確かに、このような人は大勢いるとは聞いてはいたが、実態がはっきりしなかった。
では、一体どの位いるのだろうか。
厚生労働省の2007年の初調査によると現在5400人いるという。驚いたことに、50代が20代に次いで多い。家族と離れ永住する所もなく、狭い空間で朝を迎えるおじさんたちの心境を考えると複雑である。
また、この難民の中には「マック難民」と称する人もいて、ハンバーガーショップ「マクドナルド」の24時間営業店舗に寝泊りする人をいうらしい。
この多くは日雇い労働者や高校生・定職を持たない若者たちだ。もちろん若者は通常「まんが喫茶」に寝泊りするが、お金が無くなると安いマックに移るようだ。
この人達の必需品は派遣会社との連絡を取るための携帯電話・コインロッカーであるらしい。まさに世の中は変わったものだ。普通働きたいけど働けなくて職を求める人や、高齢者、働く意思・意欲を失った人達を難民(ホームレス)と言う。
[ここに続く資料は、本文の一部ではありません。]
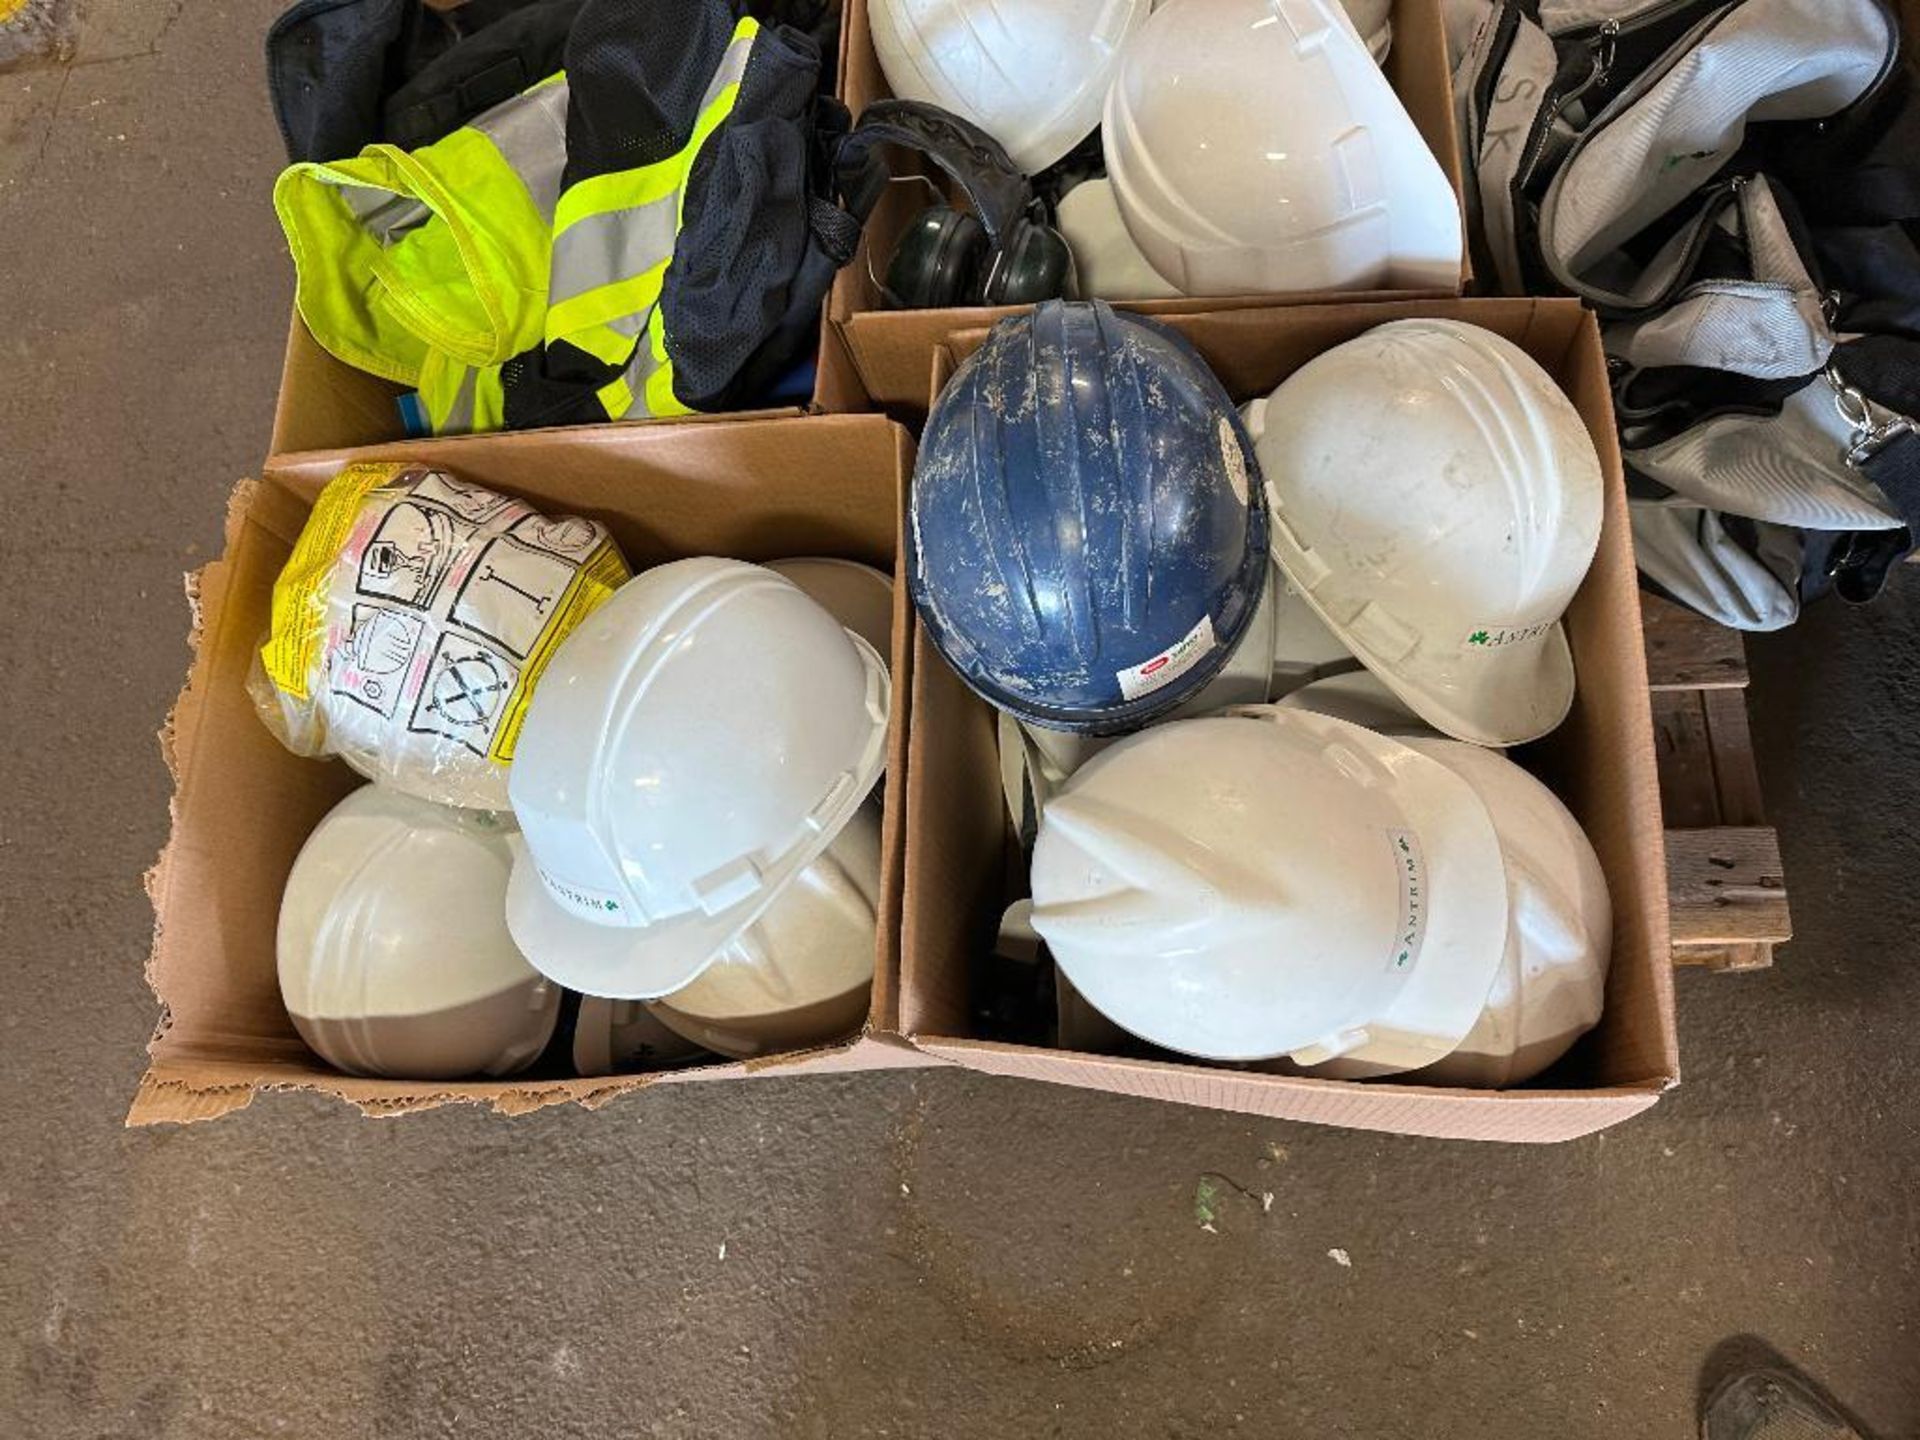 Lot of Asst. Hard Hats, Safety Vests, First Aid Kits, etc. - Image 3 of 4

国は「景気回復」をうたい、安倍首相も「美しい国」と自信を持っていっているようだが、私たちの仕事や生活を取り巻く環境は年々厳しくなっていることも確かだ。
非正社員の大幅増加、ワーキングプア、年金問題、国保の引き上げなど数えればきりがない。一体全体、誰のための政治なのかと首を傾けたくなる。
ホームレスやネットカフェ難民が増えてきても致し方ない状況に今日本は陥っている。
大企業の要求に沿って進めてきた労働法制の規制緩和策を見直して、仕事を求める人に職を与えることがこの現状を打破できる解決策になるのではないだろうか。